TeachMeFinance.com - explain discount
discount -- (1) the sale of a note or other obligation for less than its face value, with the lender obligated to pay the full face value to the holder at maturity. (2) the amount representing the difference between the face value and the lower sales price of a note.
Discount -- The amount taken off; allowance for prompt
payment ; interest deducted or collected in advance.

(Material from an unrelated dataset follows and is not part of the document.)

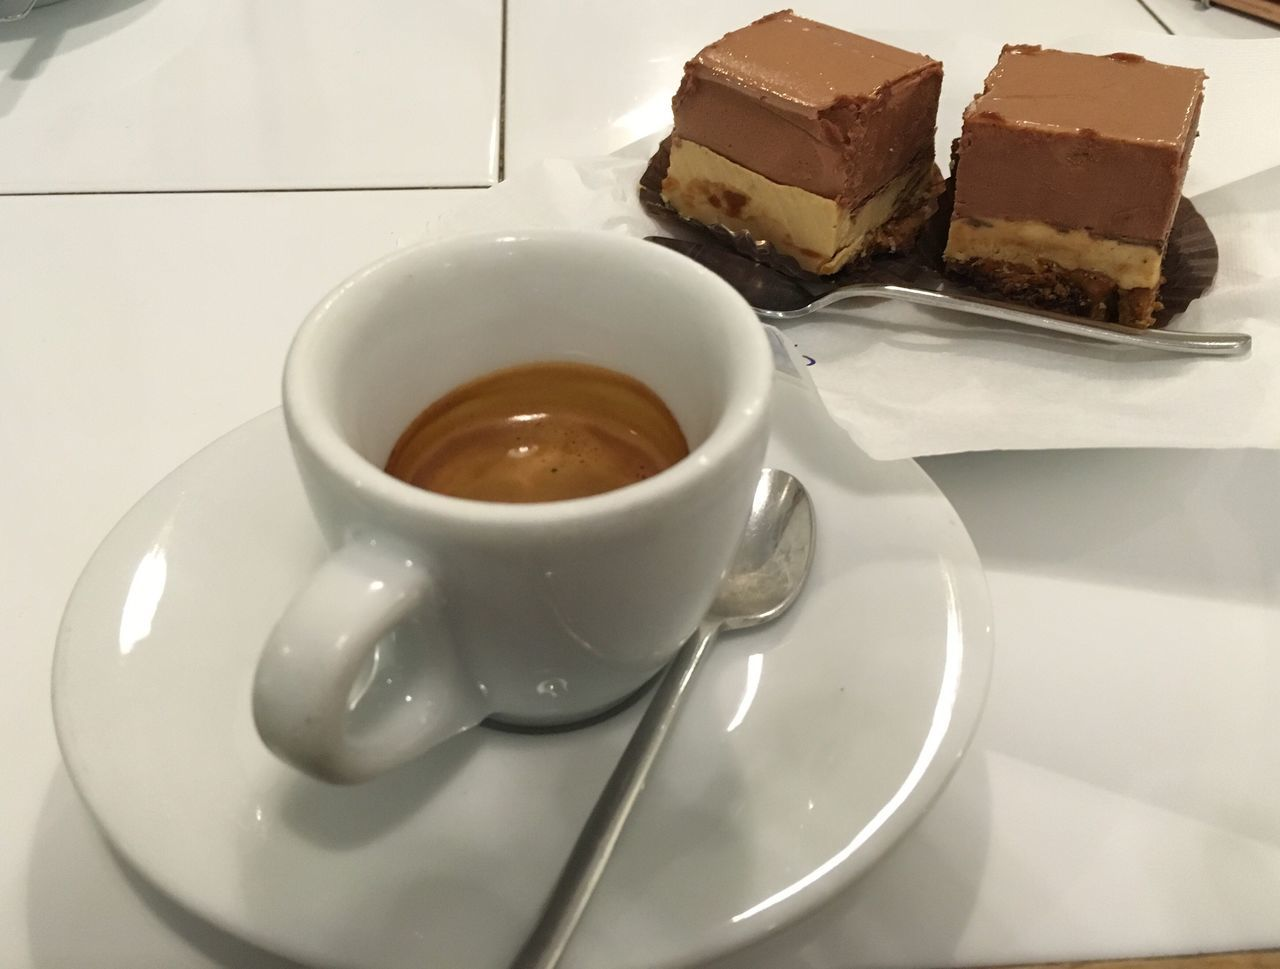 Caffè Relaxing Coffee Time Enjoying Life Coffee Break Coffee And Sweets Coffee ☕ Caffe Time Colazione Time  Colazioneitaliana Colazionecoccolosa Colazione

A promissory note is discounted when the lender on it deducts
(or collects) the amount of the interest on the note at
the time he advances money on it.
A bill of exchange (draft) is discounted when the purchaser
buys it for less than its face value ; the discount is the difference
between the face value of the draft and the amount paid
In discounting interest-bearing paper the interest should
first be charged on the face amount of the paper and then credited
on the amount of the discount. Illustration : At 6 per
cent the discount on paper for $10,000 having one year to run
is $600, but as this $600 is not paid over interest has to be
allowed on it by the lender at the same rate as is charged by
the lender on the whole $10,000. The interest on the $600
amounts to $36 which would, therefore, make the sum received
by the maker of the paper $9,436.
When non-interest-bearing paper is discounted the discount
is the difference, between the face value of the note (the
amount which is to be paid at maturity) and the amount paid
for the note.
Foreign bills of exchange are not said to have been discounted,
but instead to have been sold.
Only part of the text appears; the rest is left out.